Foods Your Cholesterol Ought to Know

Oils, nuts, and other edibles can help slash the bad and bolster the good.
Often we read about foods we shouldn’t eat when it comes to maintaining good cholesterol levels. And that’s important, because healthy cholesterol levels can translate to a reduced risk of heart disease and stroke. But did you know some foods can actually help you achieve better cholesterol levels?

Soluble Fiber Foods
Soluble fiber carries LDL “bad” cholesterol out of the body and away from your blood vessels. “Eating foods high in soluble fiber is a great way to improve your cholesterol and lower your heart disease risk,” says Lori Mosca, MD, director of preventive cardiology at New York–Presbyterian Hospital, in New York City. Aim for between 5 and 10 grams of soluble fiber daily to help lower your LDL levels. Find it here:

Oats, hot or cold. There’s enough soluble fiber in 1 1/2 cups of oatmeal to lower LDL cholesterol if eaten daily. Try hot oatmeal or a bowl of cold oat cereal, such as Cheerios.

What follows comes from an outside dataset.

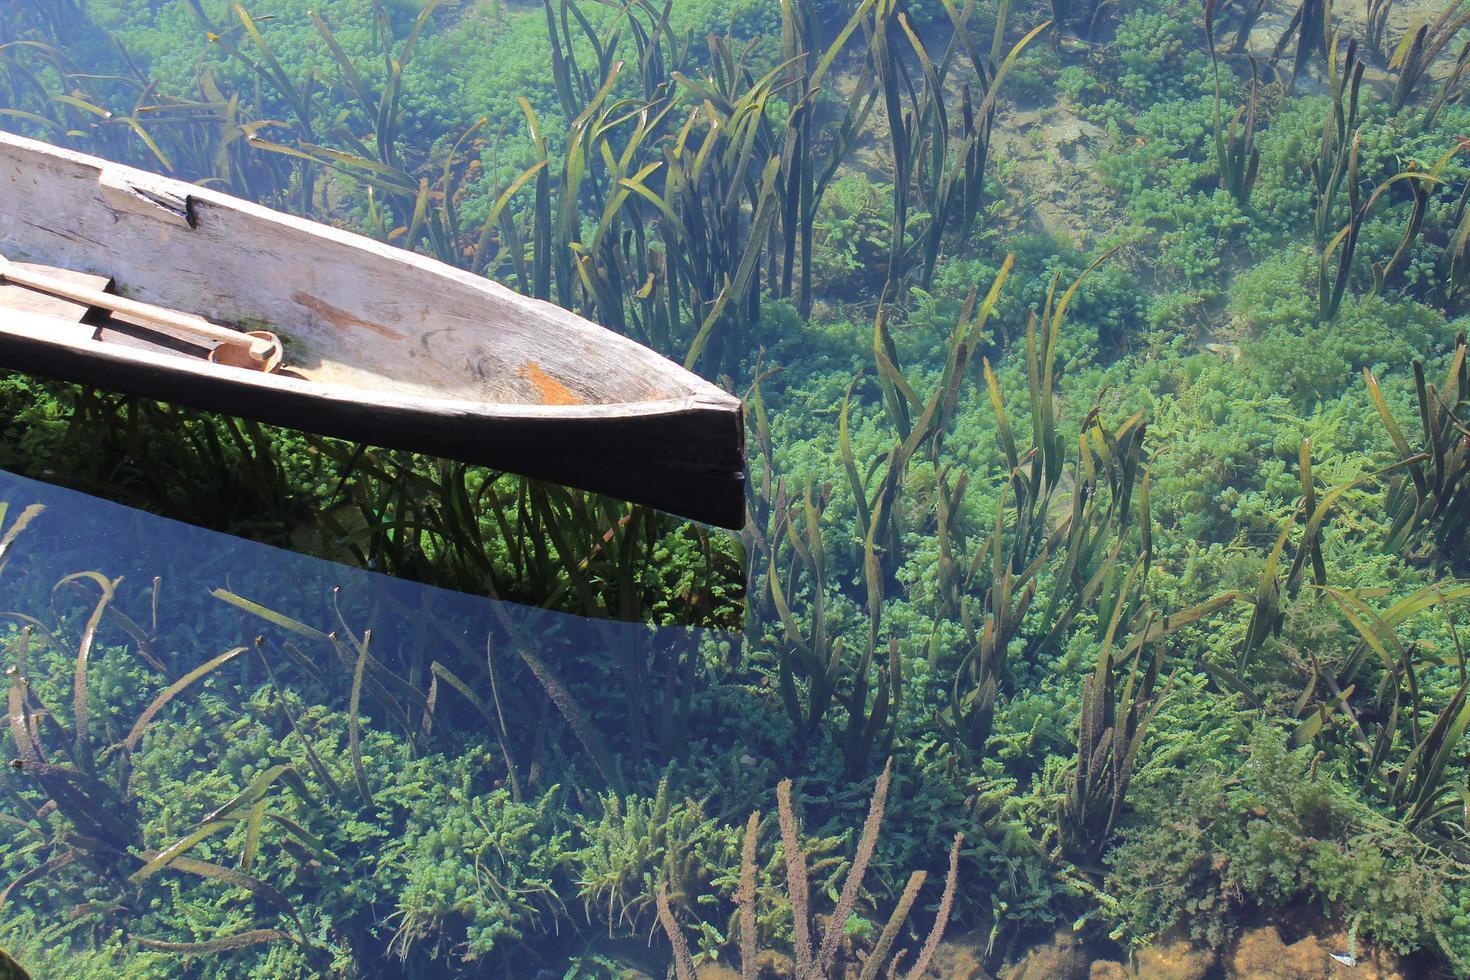 Holzkanu auf Gewässer foto
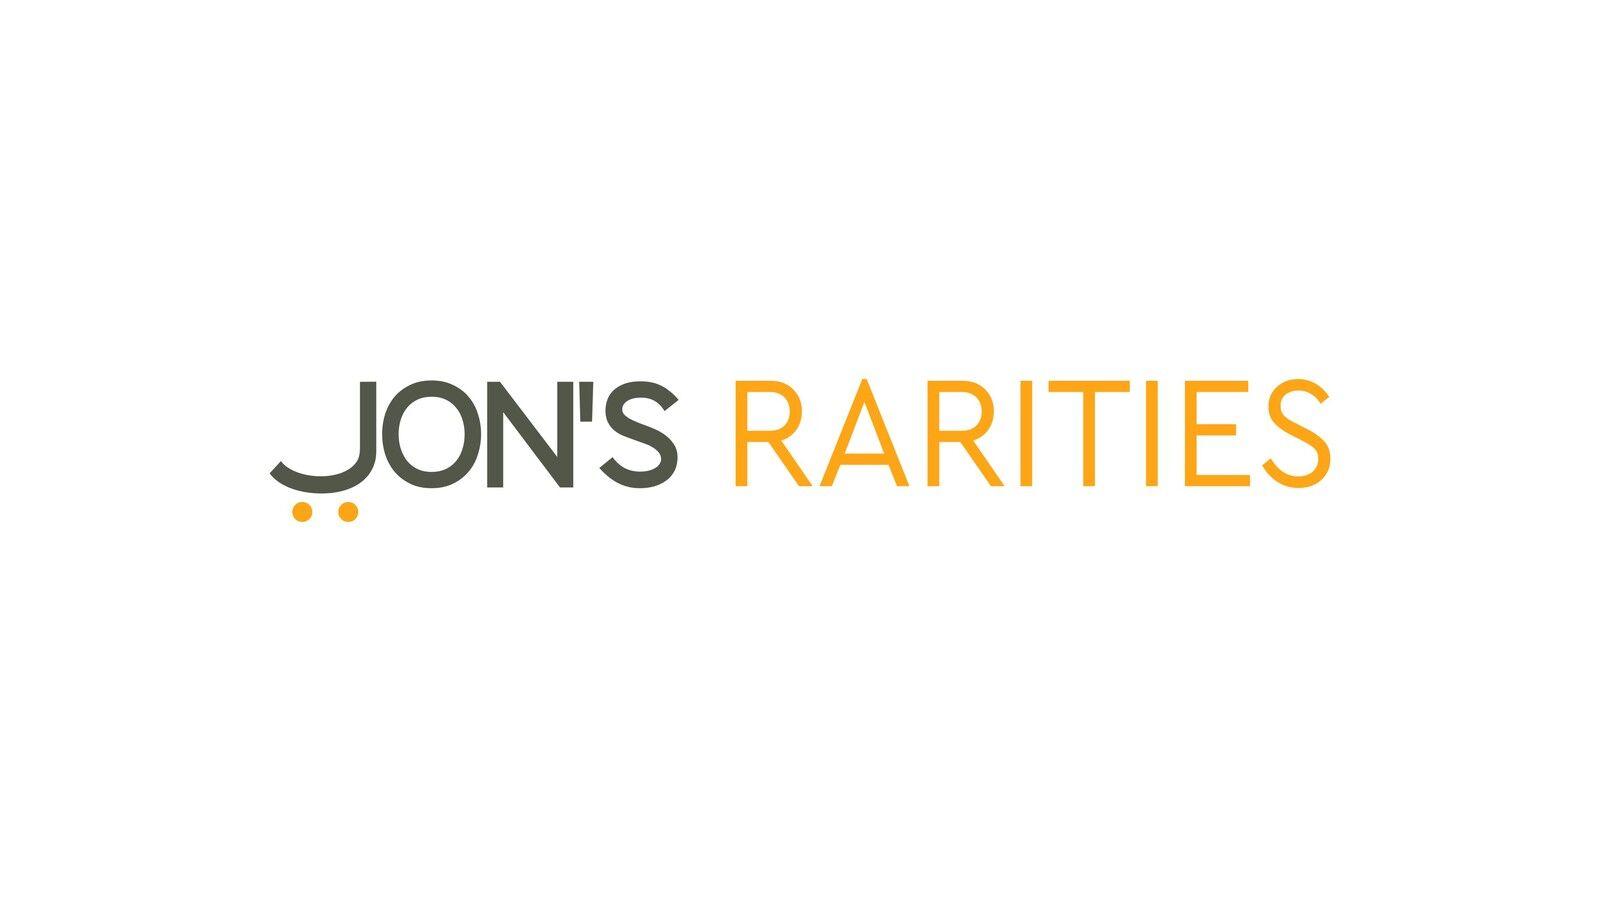 Jon's Rarities

Barley. Loaded with soluble fiber, prepare barley as a side dish in place of rice, or add it to soups, stews, and casseroles.

Seeds. Psyllium and flaxseed are both rich in soluble fiber. Sprinkle some on yogurt.

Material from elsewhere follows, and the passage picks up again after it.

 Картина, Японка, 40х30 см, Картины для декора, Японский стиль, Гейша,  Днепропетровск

Apples, oranges, and strawberries. Add chunks of fruit to salads, or eat alone as a healthy snack.

Dried peas and beans. Try to replace the meat in your meal once or twice a week with legumes, including soy protein.

Polyunsaturated and Monounsaturated Fats
Not all fats are created equal. While saturated and trans fats raise LDL cholesterol, polyunsaturated and monounsaturated fats may help to lower it. Enjoy:

Fish. Salmon, mackerel, sardines, and albacore tuna are high in a type of polyunsaturated fat called omega-3 fatty acids. Research has shown that eating fish can lower triglycerides, a blood fat linked to heart disease risk. Try to eat fish twice a week.

Nuts. Walnuts and almonds are high in monounsaturated fats and may help to raise HDL “good” cholesterol. Swap a handful of nuts for the less healthful fats in your salad, like those found in cheese and meat.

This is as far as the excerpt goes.